Many years ago, a BoardGameGeek user in Australia asked me to receive several shipments before his arrival in Vegas to attend a friend’s steampunk themed wedding.
When he came to pick up the games, his wife gave me this pink handmade pillow with chibi Star Wars characters for my newborn daughter.
Last year, I joined Post.news. The open and accepting crowd inspired me to start drawing again after years of fearful, constipated dormancy.
I started a series of hand sketches forming the ASL manual alphabet. After a few letters I started adding alliterative sentences. A month into this exercise, I was forced back into the office.

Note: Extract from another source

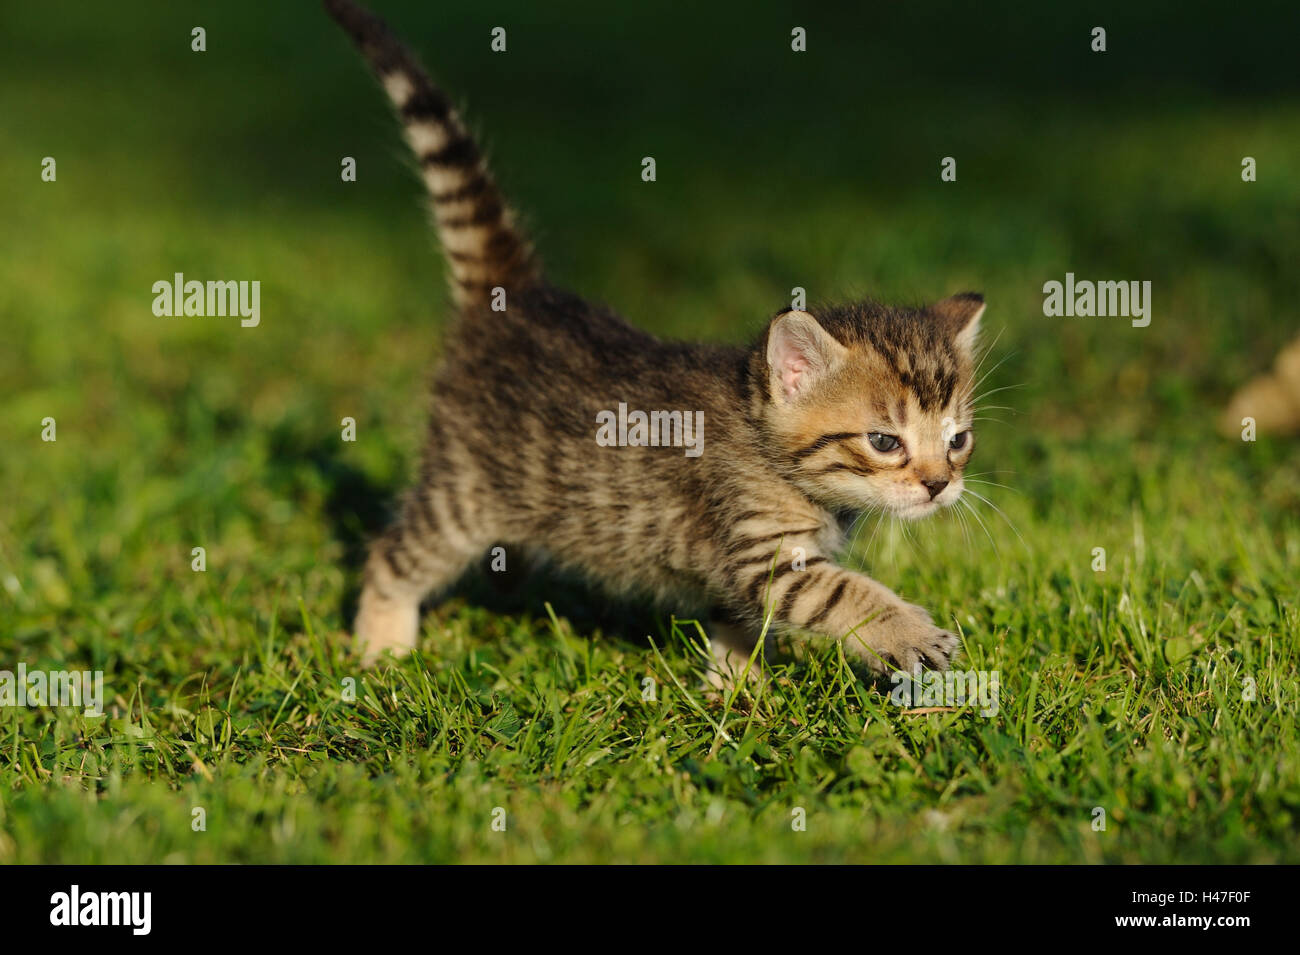 House kittens, Felis silvestris catus, young animal, striped, meadow, side view, go, Stock Photo
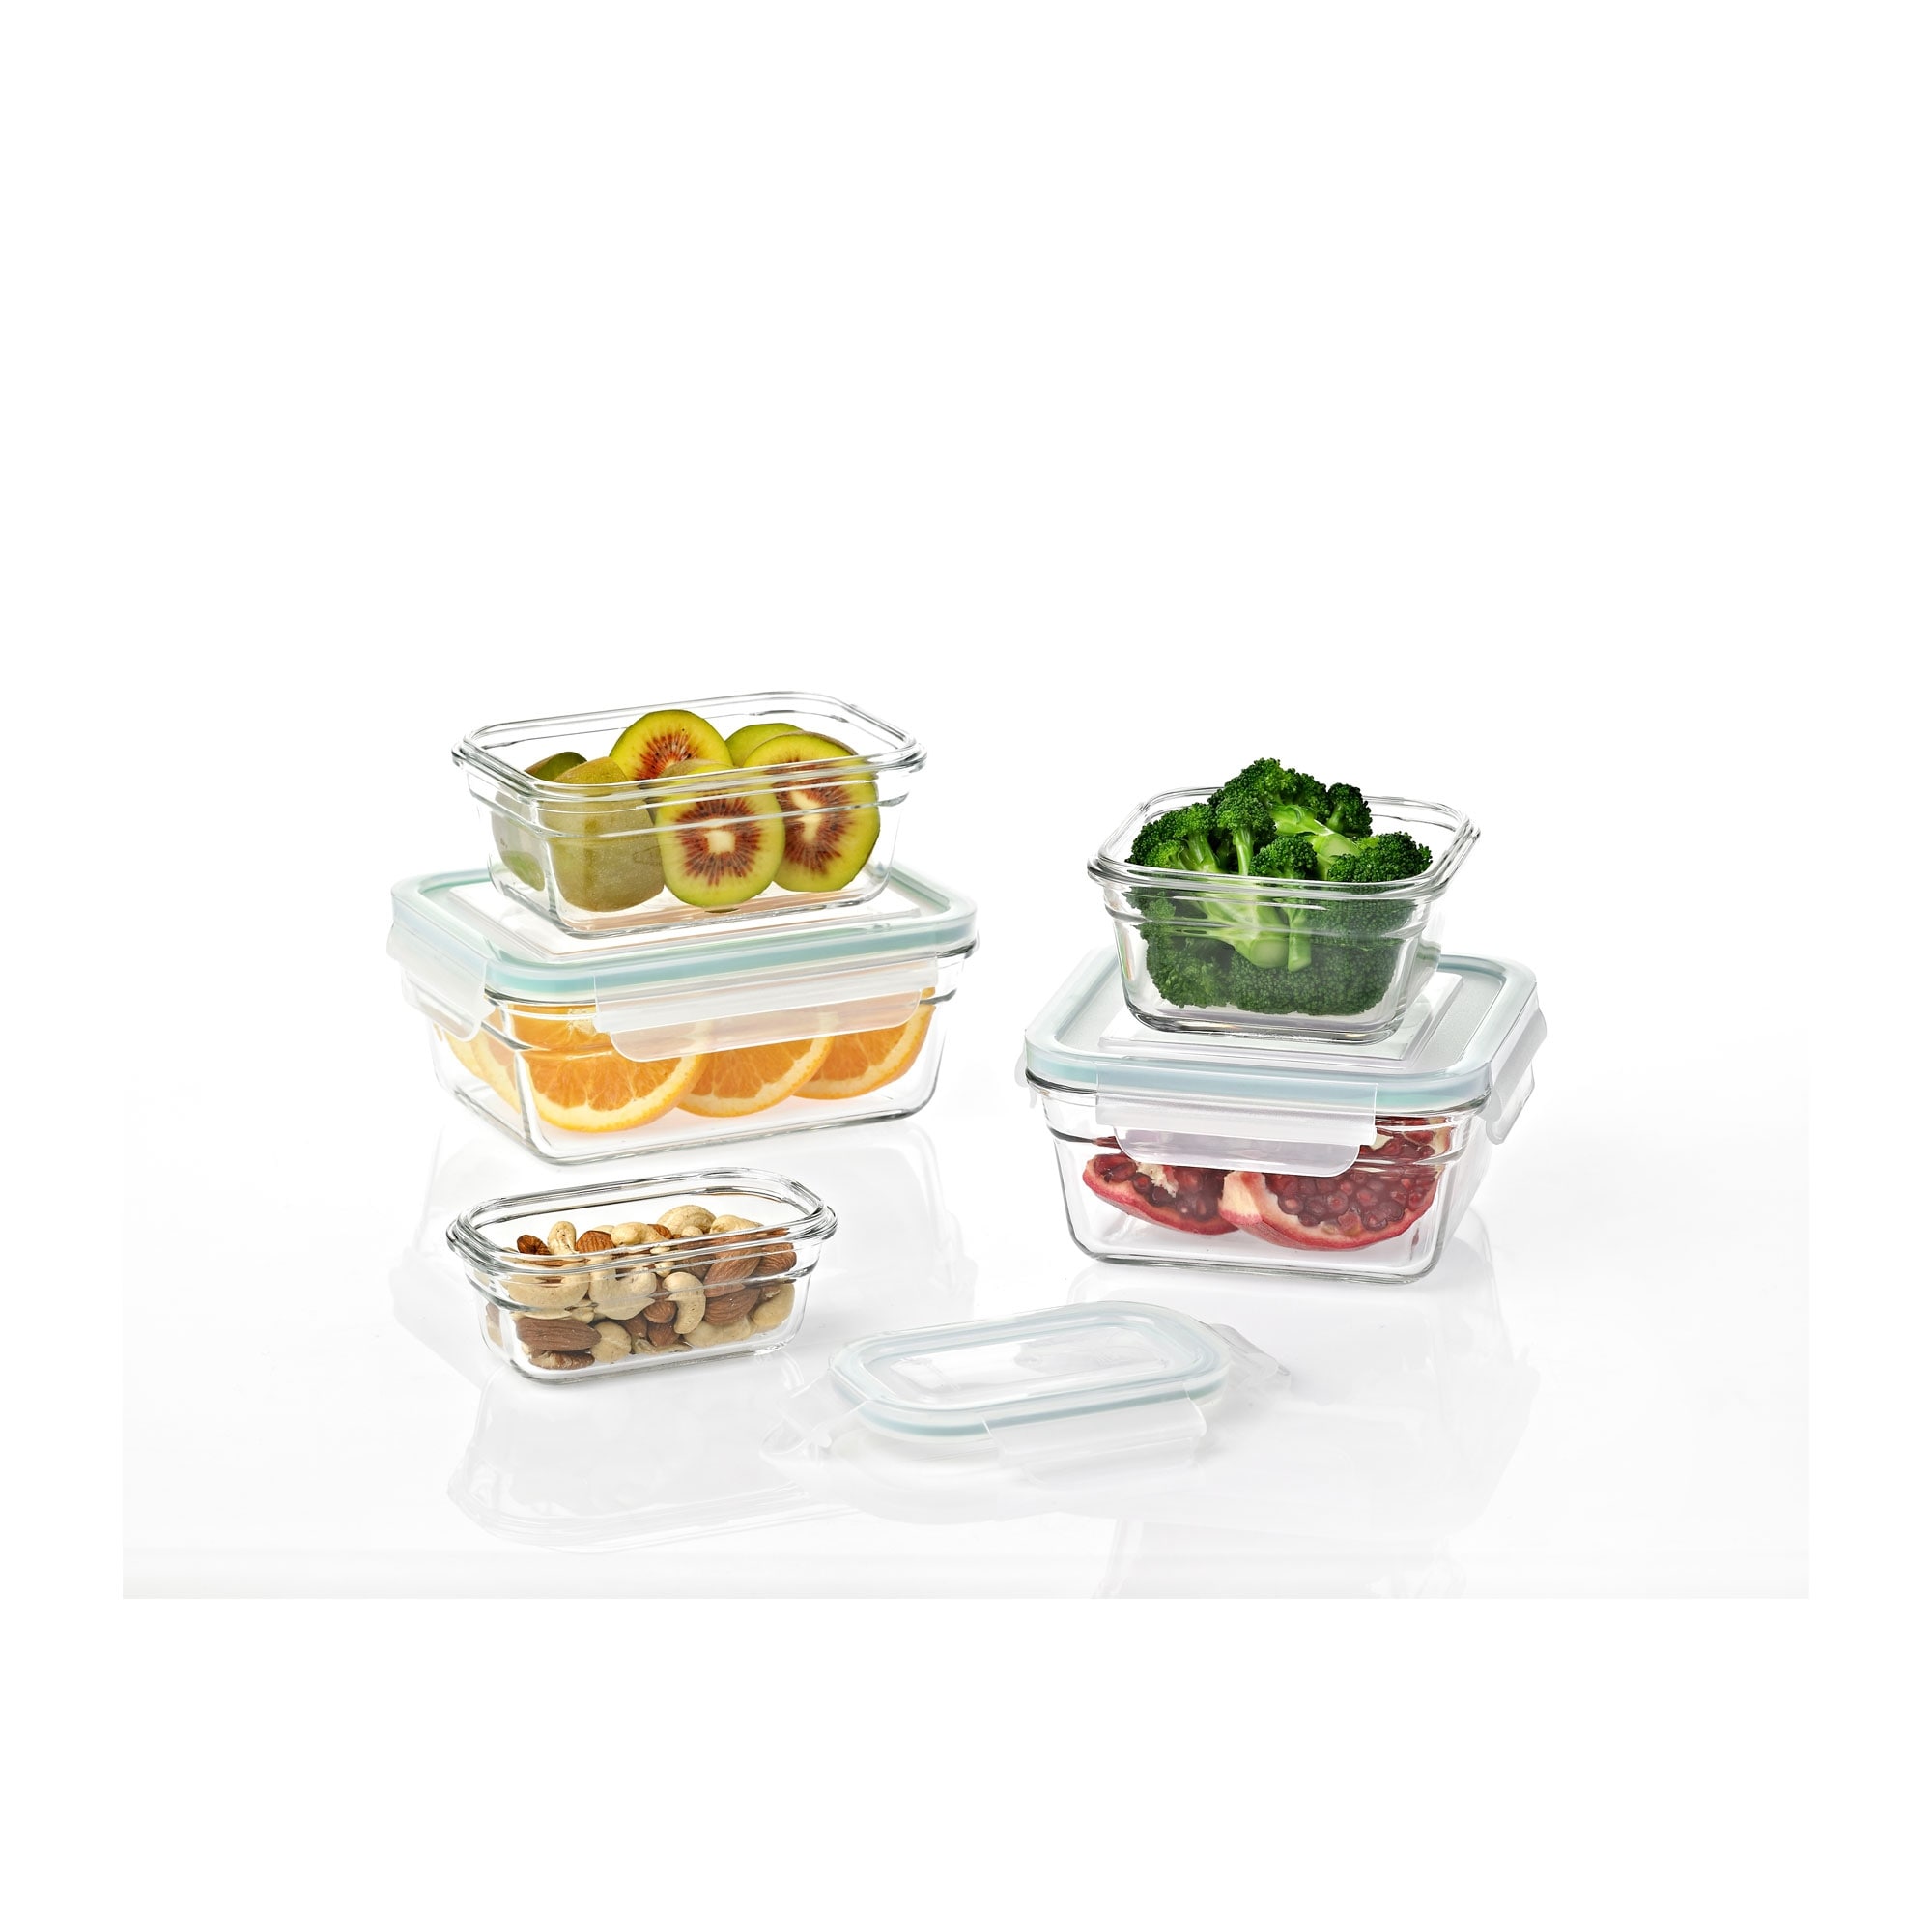 https://ak1.ostkcdn.com/images/products/is/images/direct/0cb75b9018423defc48e431ee81171b9e6ae291c/Glasslock-Oven-and-Microwave-Safe-Glass-Food-Storage-Containers-10-Piece-Set.jpg

Reinserting a commute into my routine was so disruptive that I dropped the project before completing it.
~
A couple weeks ago I also joined Substack Notes. One of the first folks I met was Charlene Storey, who started a weekly ritual to share pictures of “everyday magic”.
Given my interest in the mundane objects that surround us (I earned my 2003 NaNoWriMo by writing about the stuff in my tiny garage apartment), it’s a perfect way to jump into the new stream.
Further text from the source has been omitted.